It was an ordinary interview.

Video call. Panel format. Candidate signs off. Hiring managers stay behind to debrief.
Except this time, the subject of the conversation hadn’t quite left the room.

In a recent live recruitment process, a candidate had recorded the interview without the hiring panel’s knowledge. When the candidate left the call first, the recording did not stop. The platform continued capturing the discussion between hiring managers – including candid feedback about the individual who had just been interviewed.

Mic drop moment.

In effect, the candidate walked away with the full post-interview deliberation.
The potential fall-out from such a moment is acutely embarrassing at best, financially and reputationally damaging at worst.

This nightmare scenario is not something many of us would have considered a risk prior to the current avalanche of AI-driven possibilities. But it is with us right now.

The legal reality: recording any meeting is personal data processing

Whether accidental or deliberate, the recording of a meeting creates an immediate data issue, with potential legal, ethical, and reputational consequences. As AI-powered video platforms increasingly offer automatic recording, transcription, and analysis features, many organisations are using tools they haven’t fully considered.
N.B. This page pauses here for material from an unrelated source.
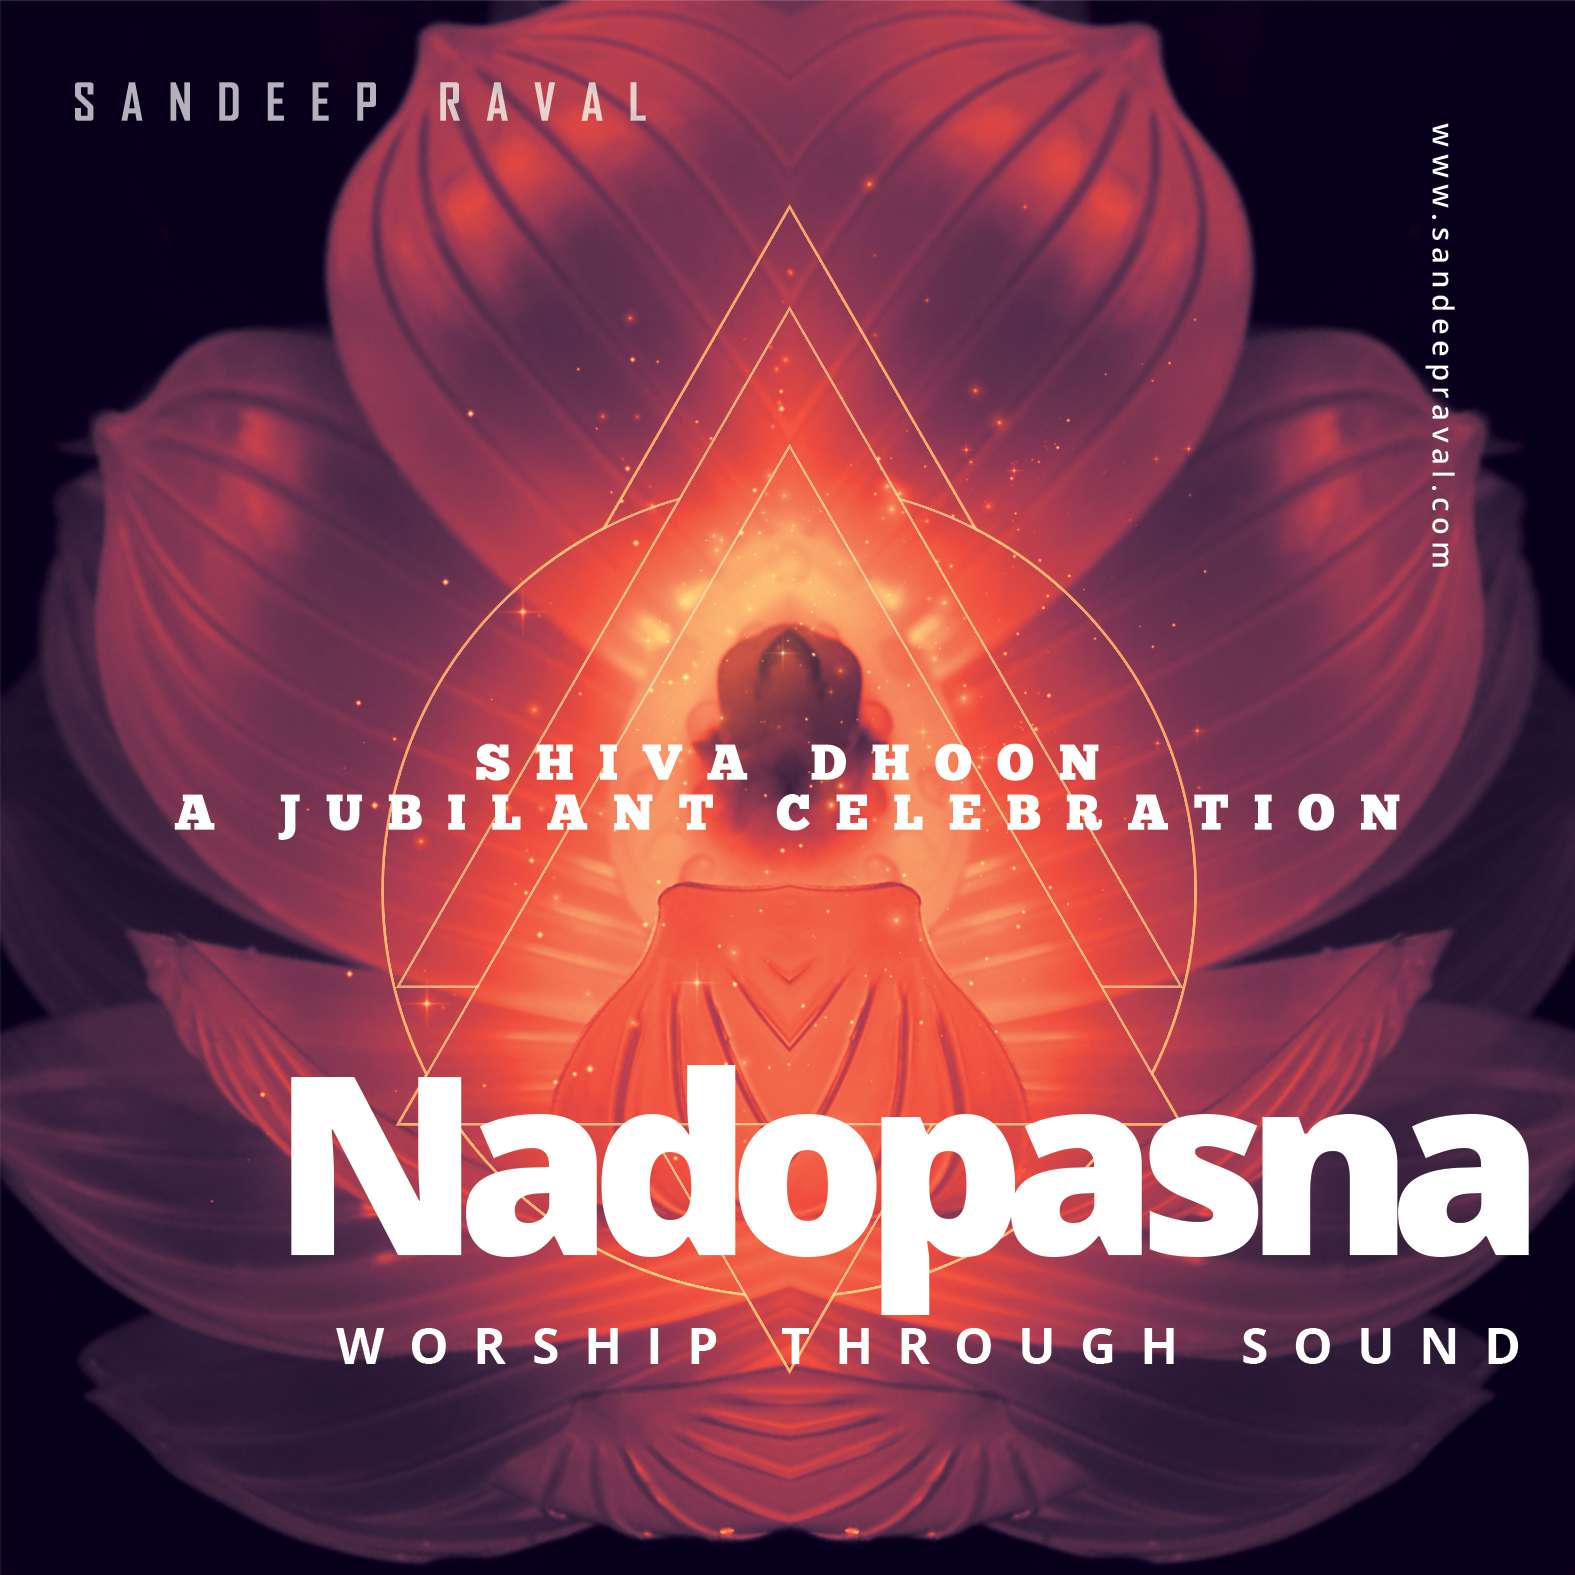 Shiva Dhoon – a Jubilant Celebration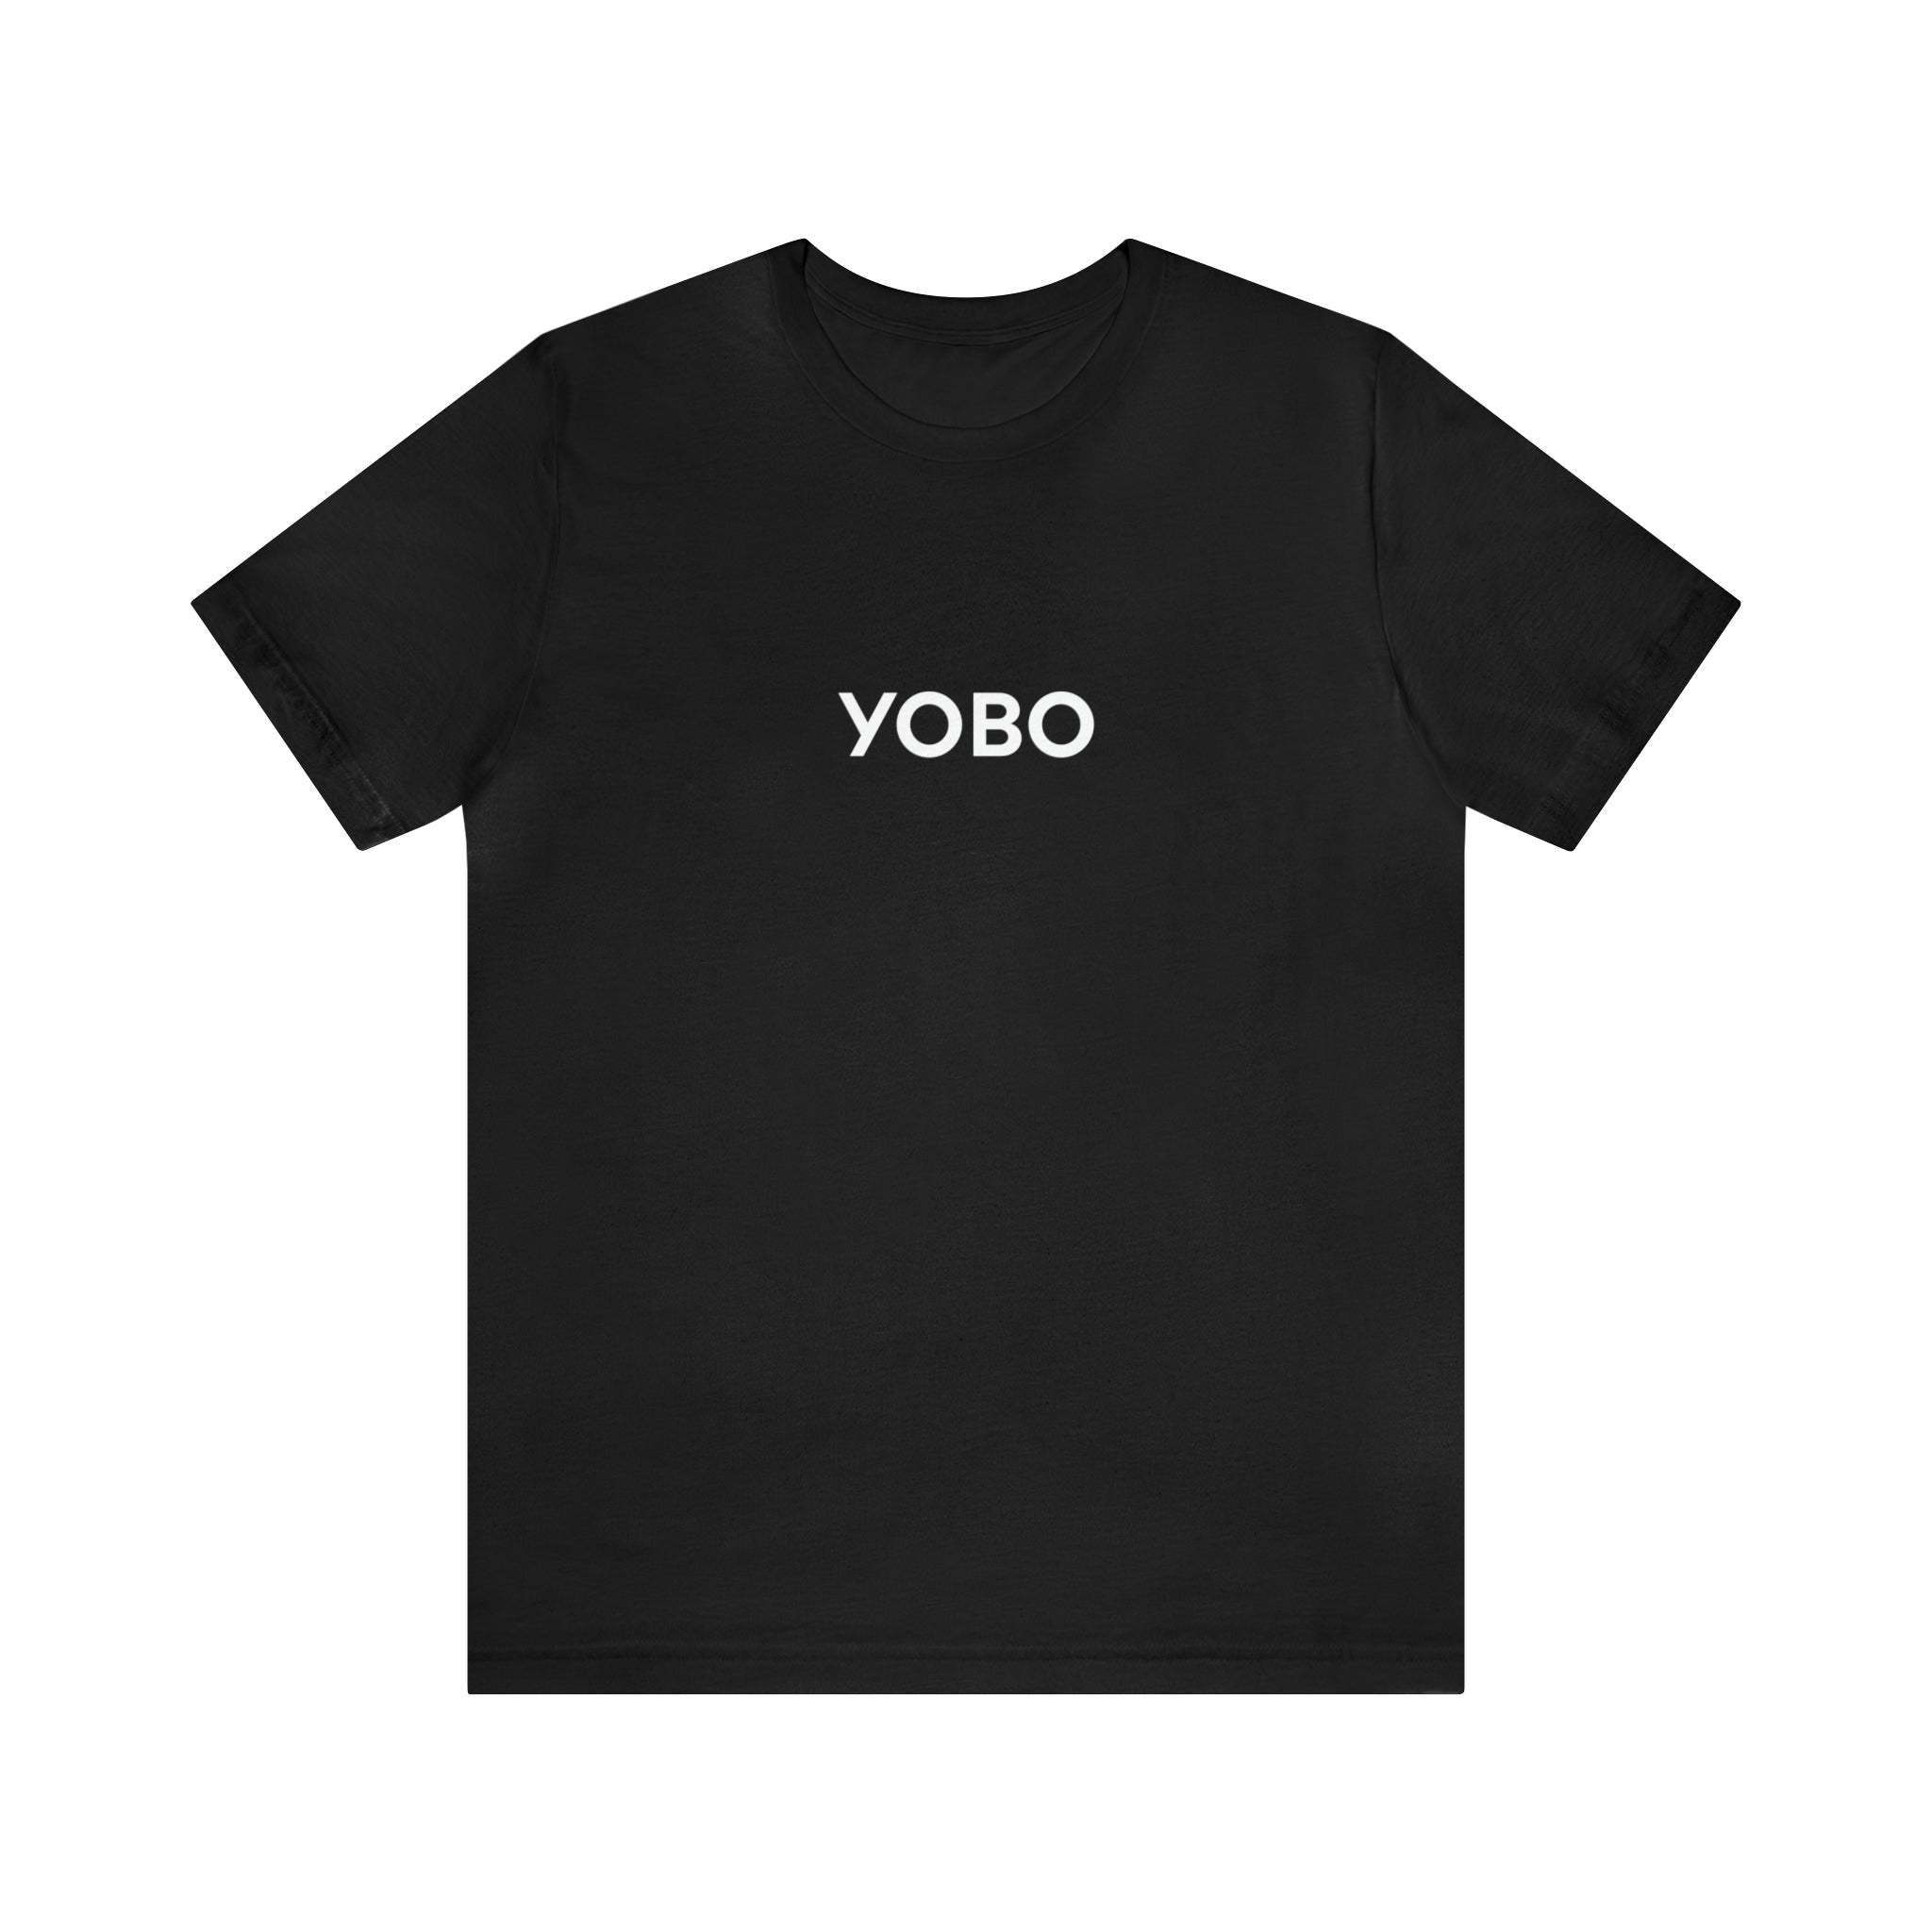 Yobo Short Sleeve T-Shirt in Black

Any recording of a meeting – particularly relating to an external party such as a recruitment process – audio, video, transcript, or AI-generated summary – is personal data under UK GDPR. In many cases, it may also include special category data if health, background, or personal circumstances are discussed.

Understand Who Controls the Data

Who is responsible if the candidate records?

In a typical recruitment scenario involving a hiring company, a recruitment partner, and a candidate, the answer is rarely simple.

If the employer decides to record the interview, the employer is likely the data controller.
If the recruitment firm hosts the call, responsibility may be shared.
If the platform records automatically, there may also be a processor involved.

What is often overlooked is that a candidate recording the call is also processing personal data – but that does not remove the employer’s obligations if their systems allowed the recording without proper controls.

Under GDPR principles, transparency is critical. All participants must know if a recording is taking place, why it is happening, and how the data will be used.

Silent or unintended recording – even if caused by platform settings – can still expose the organisation to complaints, subject access requests, or regulatory scrutiny.

In the scenario above, the risk was not just that the interview was recorded. It was that the private evaluation discussion afterwards became part of the recording without anyone realising.
That changes the nature of the data entirely.

AI tools are moving faster than policy

Three in 10 UK employers are already using AI, according to research by StandOut CV, representing a threefold increase since 2022.

Across the industry, there is growing discussion about obligations when using AI in hiring – particularly around transparency, consent, and fairness. Organisations are expected to understand how technology is being used in their recruitment processes, not simply rely on platform defaults.

The reality is that many hiring managers assume someone else has checked the settings.

Practical steps hiring managers should take

Ford & Stanley Talent Services Group are not advocating stopping video interviews or AI-enabled tools. However, our recommendation is organisations should review their recruitment policies with the same discipline they apply to employee data, customer data, or financial information.

Steps we recommend:

  1. Decide whether interviews should ever be recorded
  2. Set platform controls, not just expectations
  3. Inform everyone clearly, every time, and ask all parties
  4. Separate interview time from deliberation and discussion time
  5. Most importantly, ENSURE EVERYONE ENDS AND LEAVES THE INTERVIEW CALL AND STARTS A NEW CALL BEFORE ANY DISCUSSIONS TAKE PLACE.